Around 25 years ago, astronomers noticed something peculiar: the brightest planetary nebulae in other galaxies all have about the same level of brightness. This means that, theoretically at least, by looking at the planetary nebulae in other galaxies, astronomers can calculate how far away they are.
The data showed that this was correct, but the models contradicted it, which has been vexing scientists ever since the discovery was made.
“Old, low mass stars should make much fainter planetary nebulae than young, more massive stars. This has become a source of conflict for the past for 25 years.
“The data said you could get bright planetary nebulae from low mass stars like the sun, the models said that was not possible, anything less than about twice the mass of the sun would give a planetary nebula too faint to see.”
Now the new models have solved this problem by showing that the Sun is about the lower limit of mass for a star that can produce a visible nebula.

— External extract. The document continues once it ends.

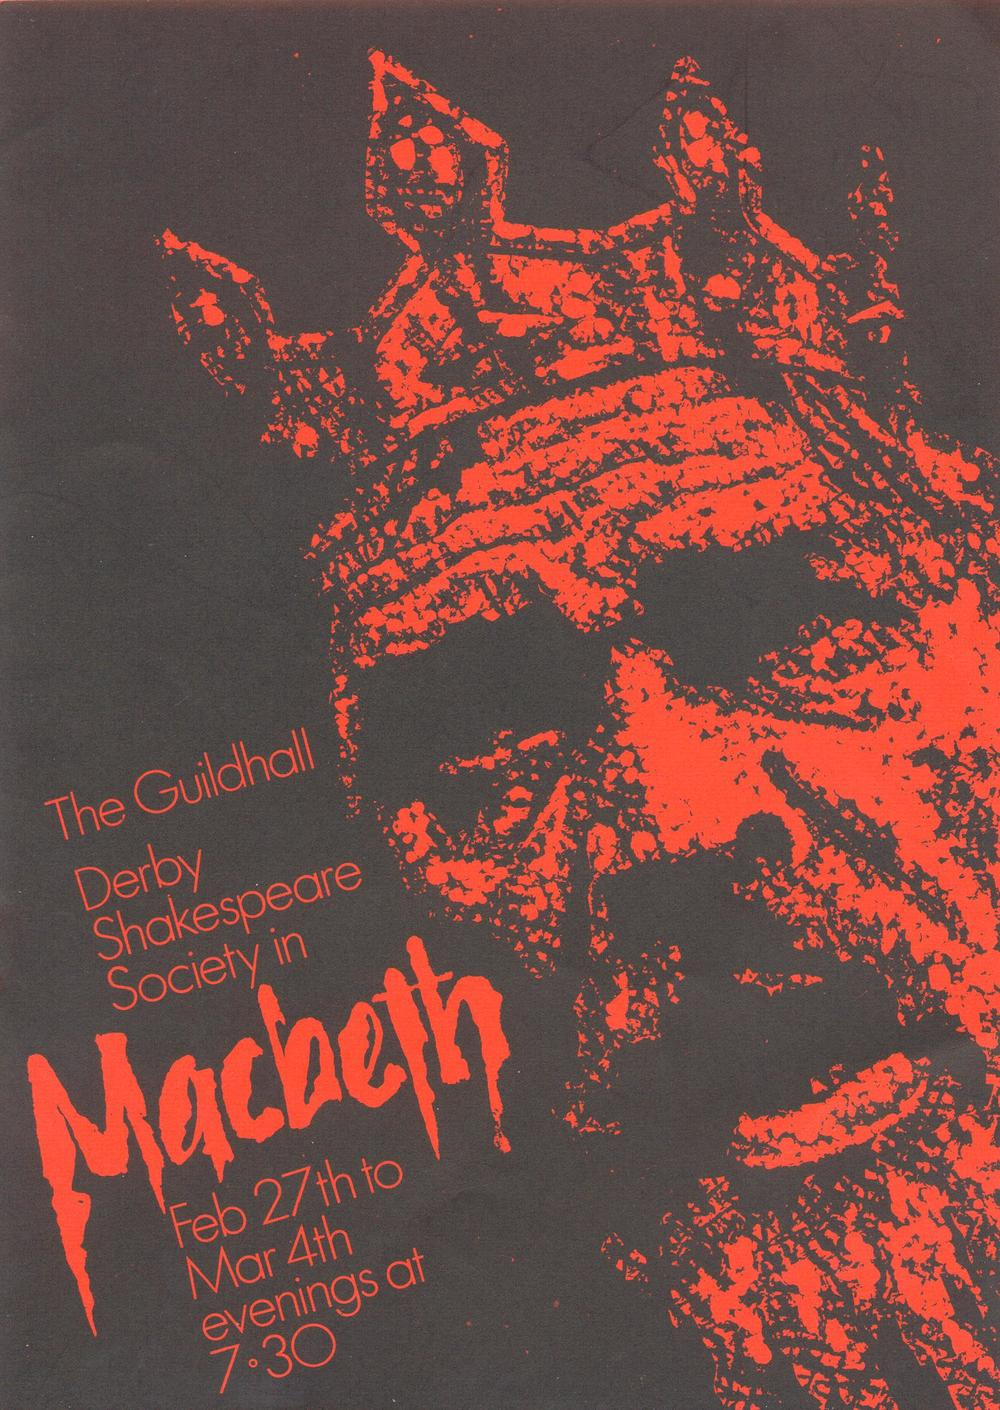 'Macbeth' 1978

Even a star with a mass less than 1.1 times that of the Sun won’t produce visible nebulae. Bigger stars up to 3 times more massive than the Sun, on the other hand, will produce the brighter nebulae.
For all the other stars in between, the predicted brightness is very close to what has been observed.
“This is a nice result,” Zijlstra said. “Not only do we now have a way to measure the presence of stars of ages a few billion years in distant galaxies, which is a range that is remarkably difficult to measure, we even have found out what the Sun will do when it dies!”
The research has been published in the journal Nature Astronomy.